A mega-sized payoff isn't in the bag for Kate Spade & Co.

Investors in the $3 billion accessories maker have been downright manic as speculation builds of an impending takeover by suitors that are reported to include Coach Inc. and Michael Kors Holdings Ltd. Becoming part of a bigger company could cut Kate Spade's costs and boost its below-industry margins.

Kate Spade stock has climbed about 60 percent in three months, well outpacing the almost 4 percent rise in the S&P 500 during that time. The company is now valued at about 10 times its projected 2017 Ebitda, a multiple more in line with LVMH Moet Hennessy Louis Vuitton SE than Michael Kors and also richer than what Coach commands.

Expectations appear to have soared beyond what's realistic. And yet there are some who still harbor hopes of an even bigger premium.

When Caerus Investors, an activist Kate Spade investor, began pushing for a sale last November, it cited a "reasonable" multiple of at least 12 times Ebitda in arguing a 50 percent premium was warranted. That amounted to about $25 per share at the time.

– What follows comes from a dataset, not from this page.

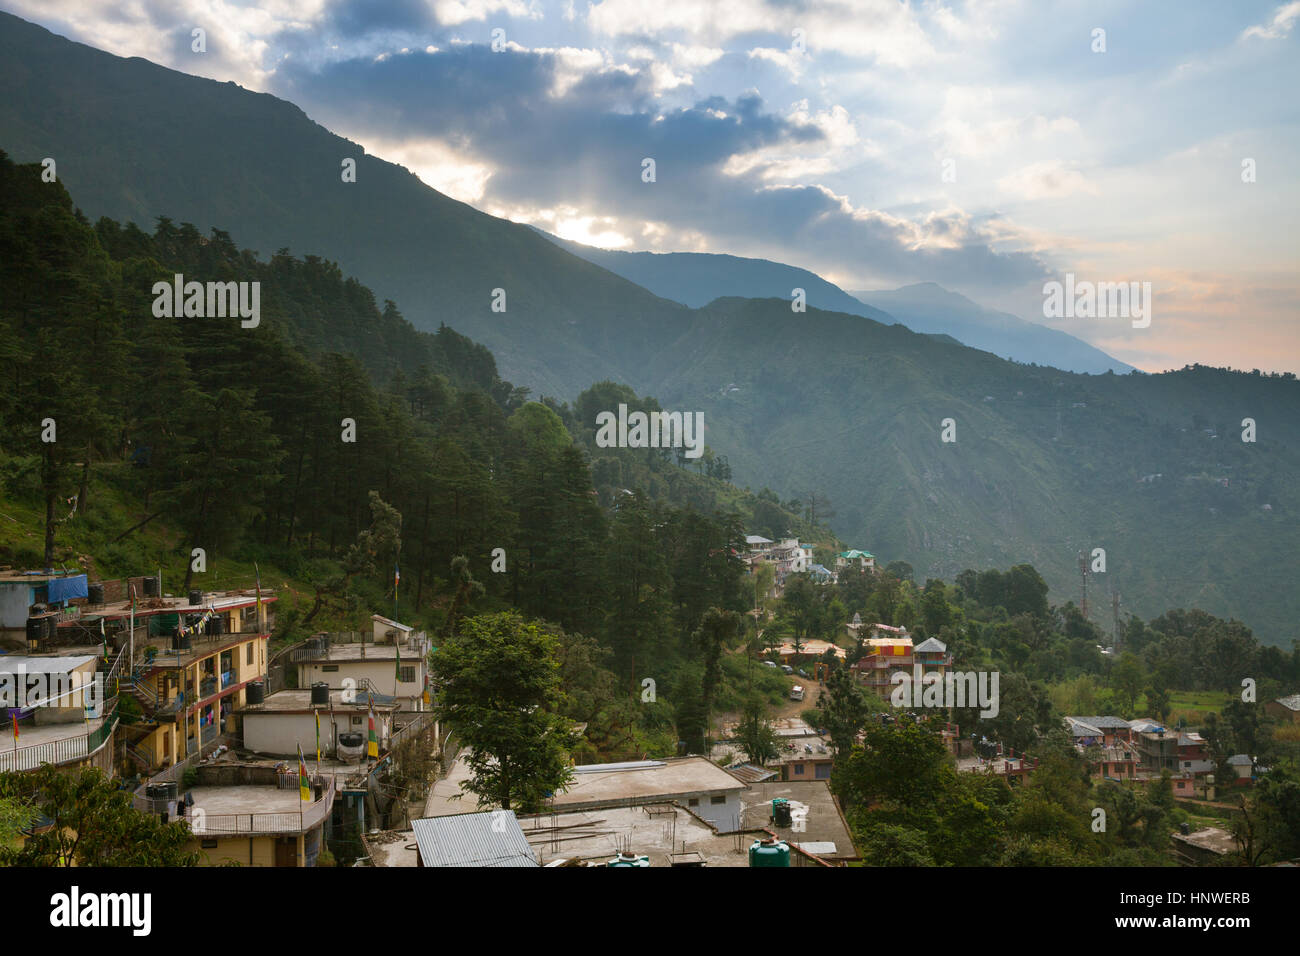 Sunrise over McLeodGanj, the residence town of Dalai Lama, Dharamsala, India. Stock Photo

The stock now trades at about $23, but Caerus's estimates have swelled even higher. It told Bloomberg News last month that Kate Spade was worth "in the high $20s or low $30s." Analysts have also bought into the hype. Cowen & Co.'s Oliver Chen is among the most bullish of those followed by Bloomberg, calling for a takeout price of $27 to $30 a share or "potentially higher depending on synergies and competition."